* **Goal of the exercise**: Only the lines below from the one that contains "Mount Sarrail" through the one that contains "Restaurant Llenegues" should appear in your answer, exact and without pictures.

* **Records for processing**:
··········
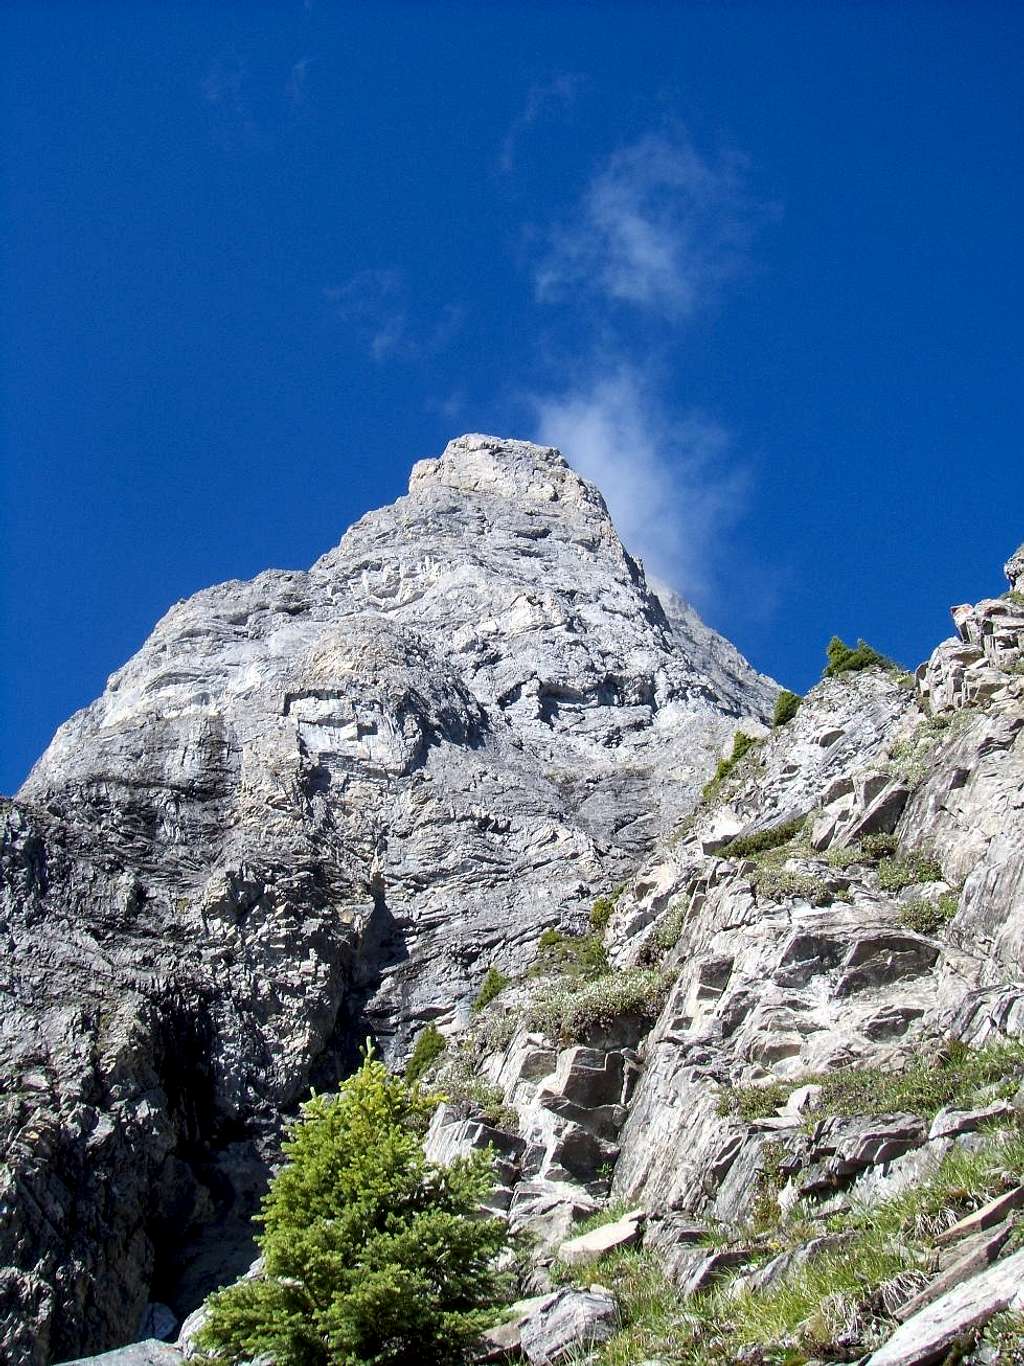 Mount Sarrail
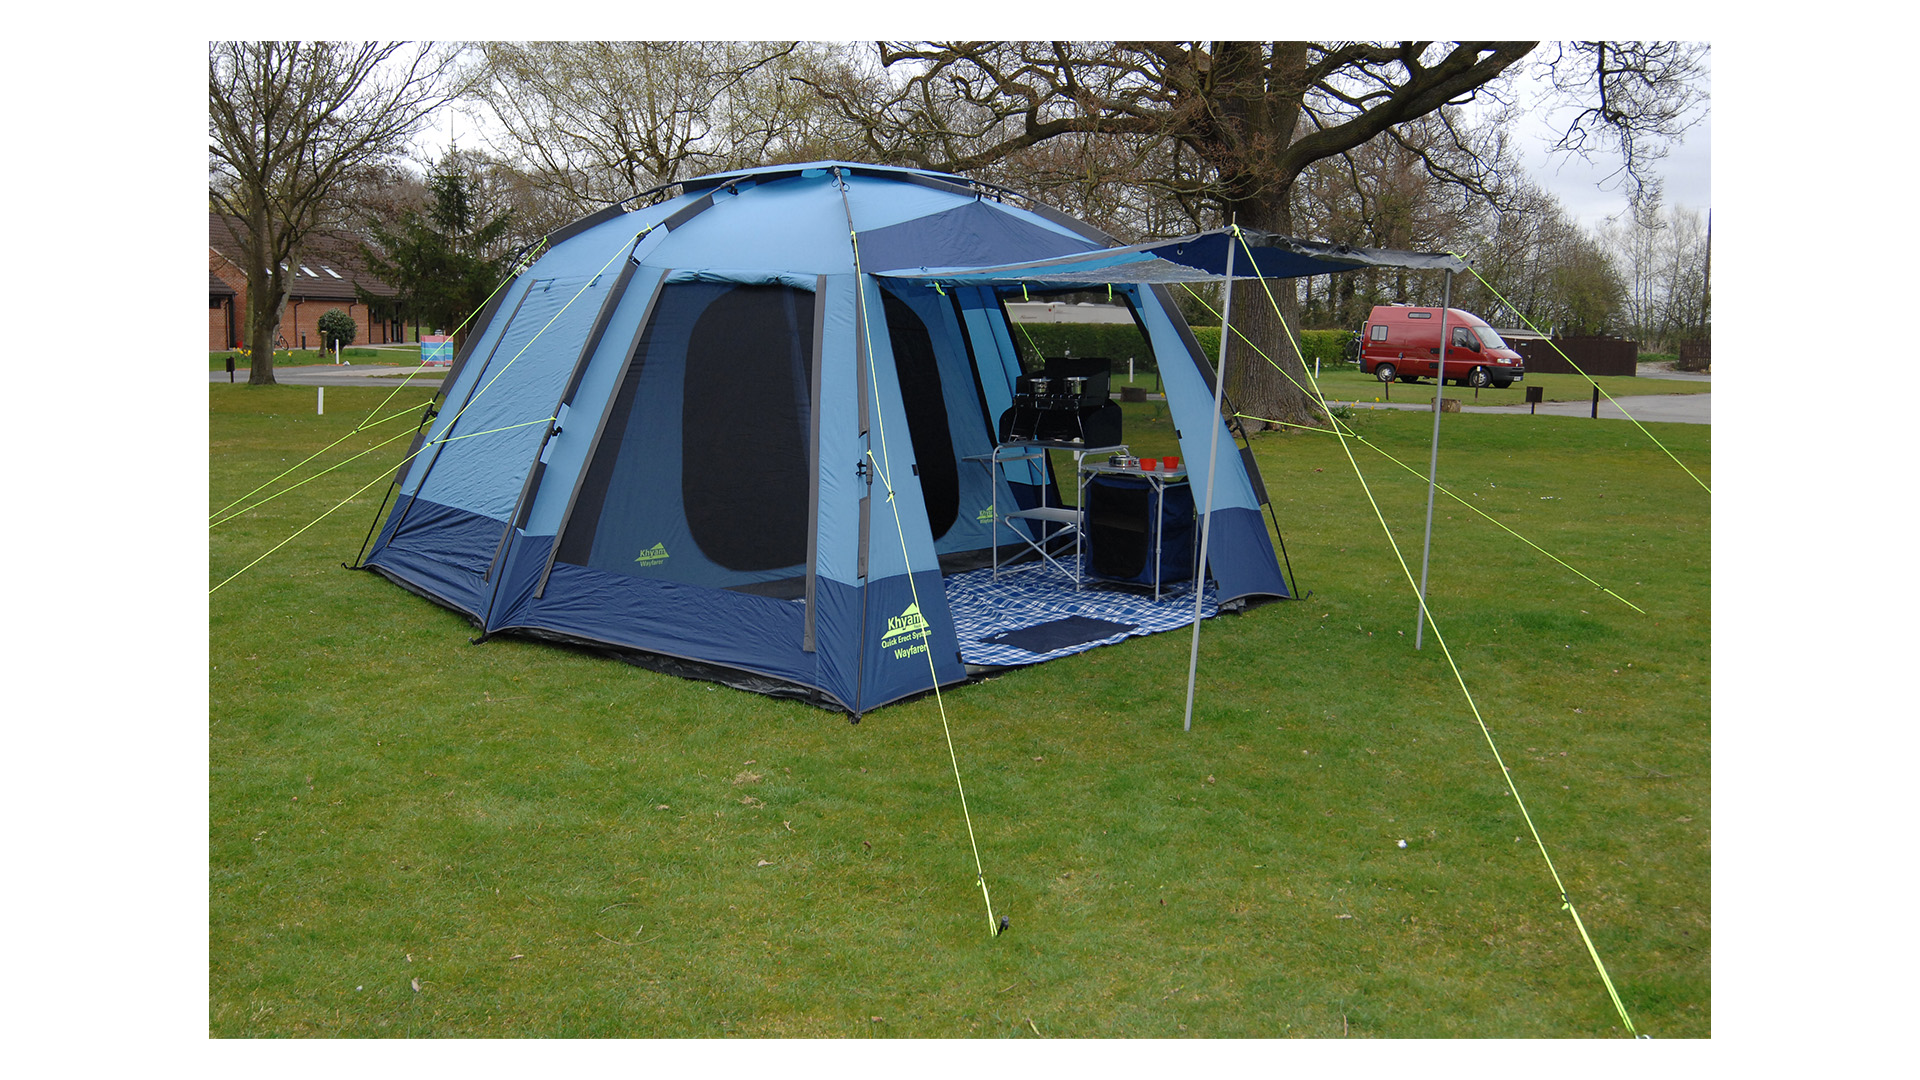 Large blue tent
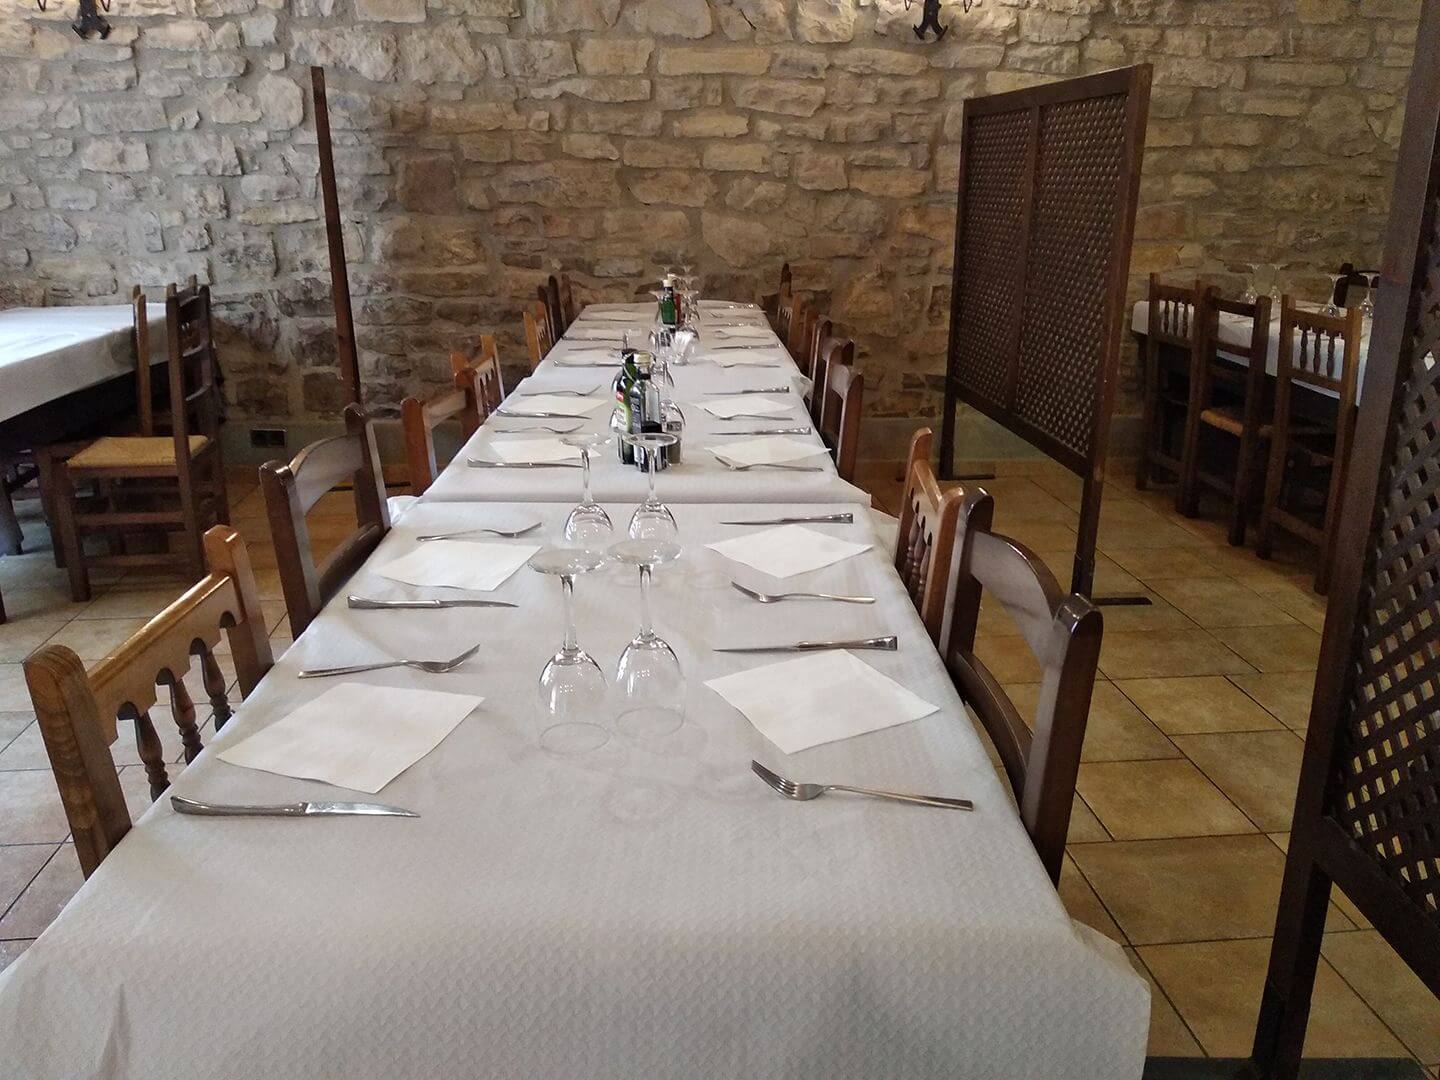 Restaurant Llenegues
··········
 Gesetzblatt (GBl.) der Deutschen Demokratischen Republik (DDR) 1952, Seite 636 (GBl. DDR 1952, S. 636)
··········
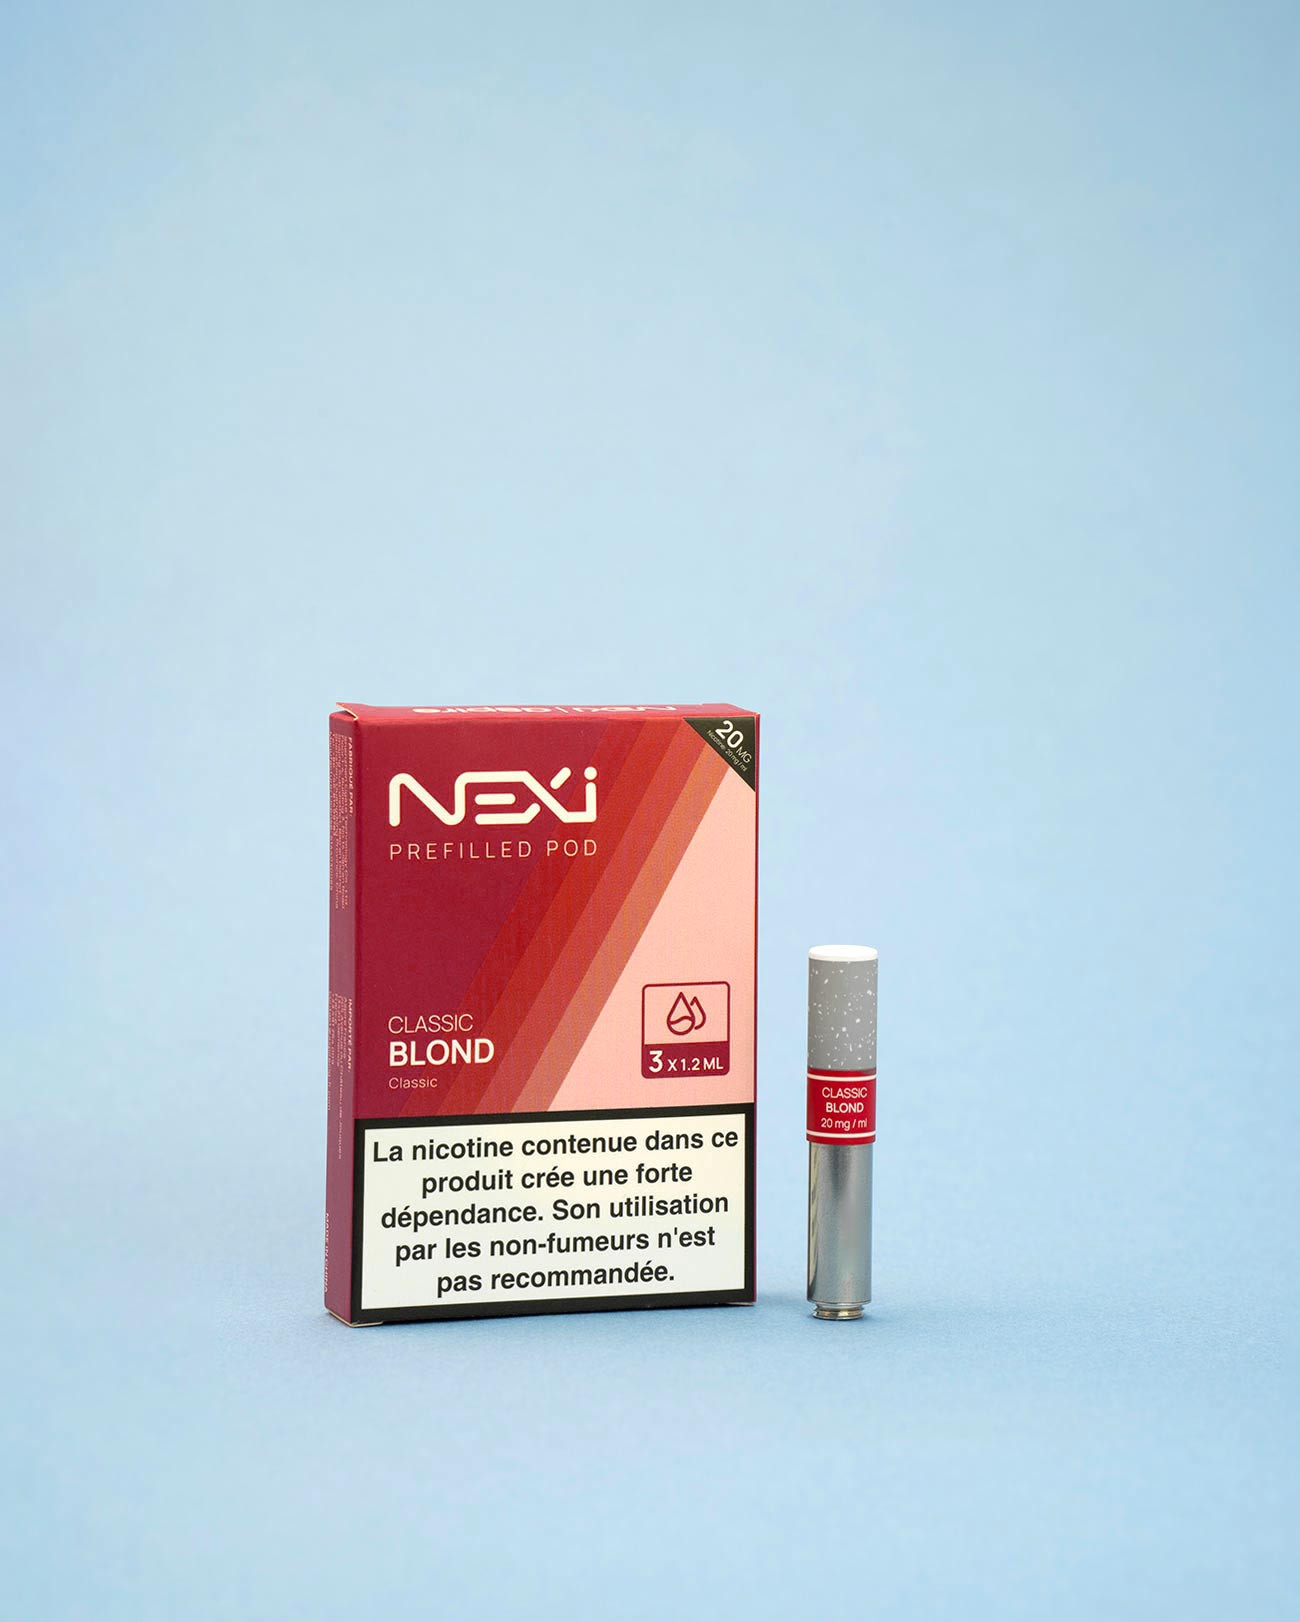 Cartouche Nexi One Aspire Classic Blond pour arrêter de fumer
··········
* **Exercise answer**:
 Mount Sarrail
 Large blue tent
 Restaurant Llenegues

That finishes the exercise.